Golput Hantui Pilkada Tangsel, Corona Biang Kerok

Direktur Eksekutif KPN, Adib Miftahul

KBRN, Tangerang Selatan: Pilkada Kota Tangerang Selatan (Tangsel), Banten 2020, diprediksi bakal didominasi golongan putih (golput).

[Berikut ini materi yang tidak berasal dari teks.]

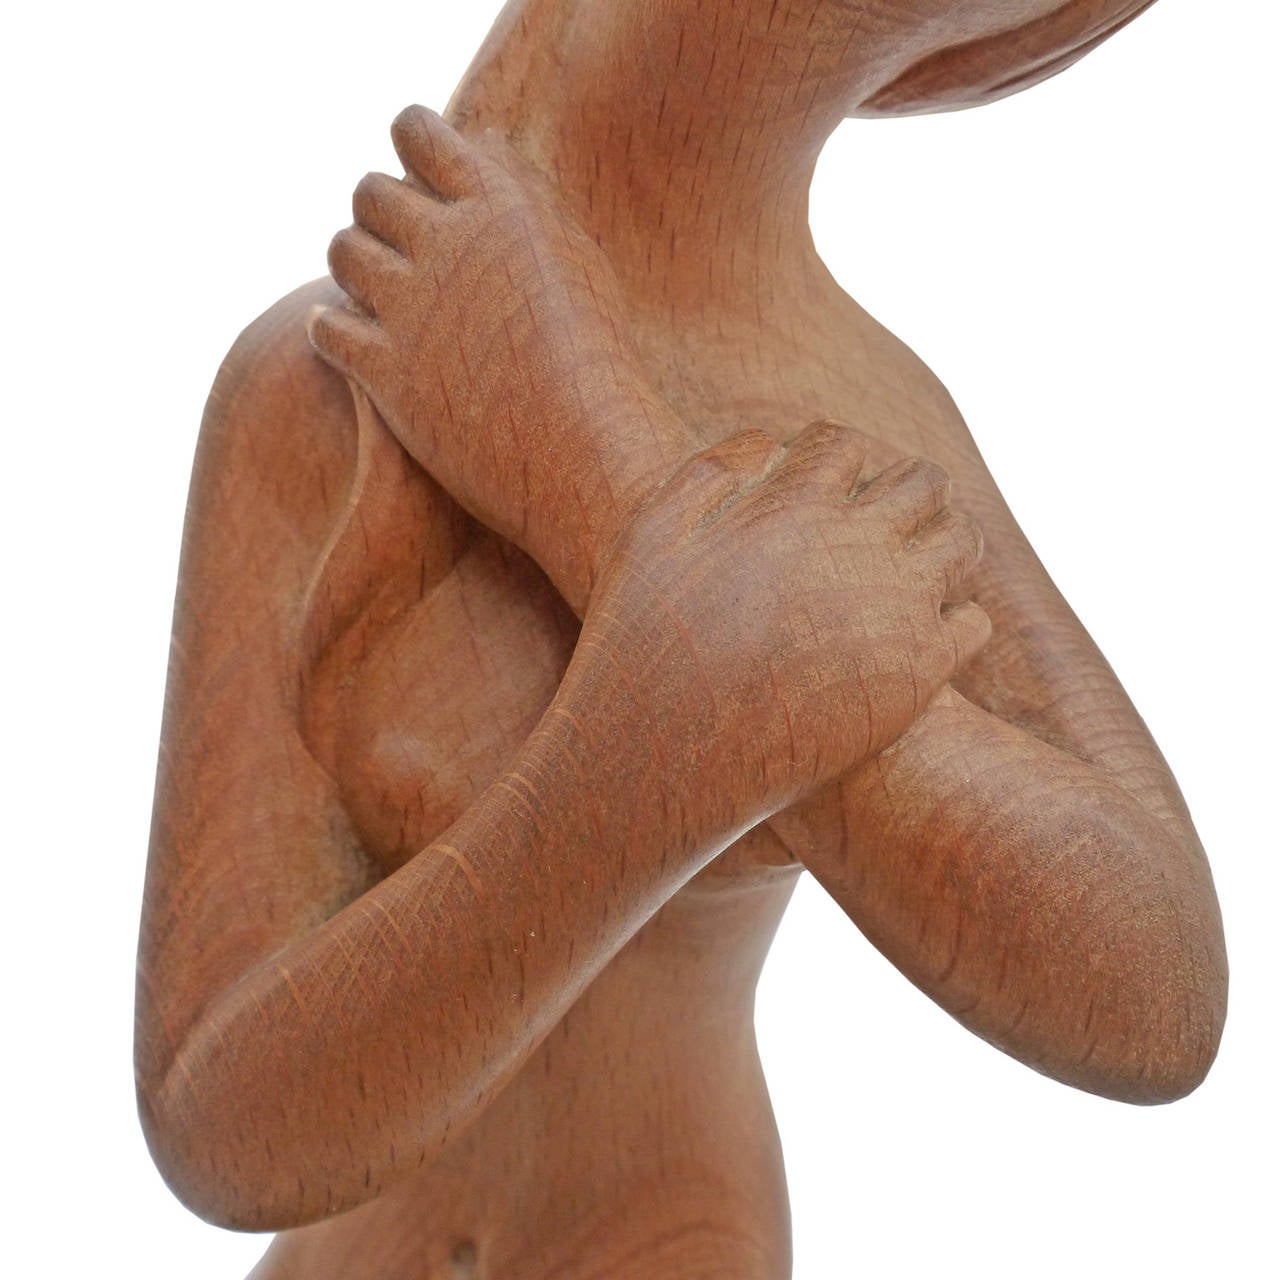 Luis Sanguino Hand-Carved Mahogany Sculpture of a Nude Woman 1

Maksudnya, diperkirakan banyak warga yang tidak akan menggunakan hak pilihnya.

Hal itu berdasarkan hasil survei yang dilakukan Lembaga Kajian Politik Nasional (KPN) pada bulan Juli 2020 kemarin.

Direktur Eksekutif KPN, Adib Miftahul mengatakan, hasil survei yang dilakukan apa 1-7-24 Juli,  55 persen dari 440 responden memilih  tidak memberikan hak suaranya atau golput.

"Ini menjadi PR (pekerjaan rumah) besar bagi KPU Tangsel bagaimana bisa menerapkan sistem pemungutan suara yang berbasis protokoler Covid-19, dan meyakinkan para pemilih untuk datang ke TPS," ungkapnya kepada RRI.co.id, Rabu (5/8/2020).

BACA JUGA: Perang Dinasti Pilkada Tangsel, Garuda Banteng Mesra

Dia menegaskan, alasan tertinggi pemilih golput, karena takut terpapar virus Corona sebesar 30.7 persen.

Survei ini untuk tingkat kepercayaan publik sekitar 95%  dan samping error 4.8% itu.

Dengan hasil survei ini, apabila memang terjadi, dikhawatirkan akan berdampak pada raihan suara tiga kandidat.

Diketahui, tiga pasang bakal calon kepala daerah di Tangerang Selatan telah mencuat ke publik.

Mereka adalah Benyamin Davnie-Pilar Saga Ichsan, Muhammad-Rahayu Saraswati, Siti Nur Azizah-Ruhamaben.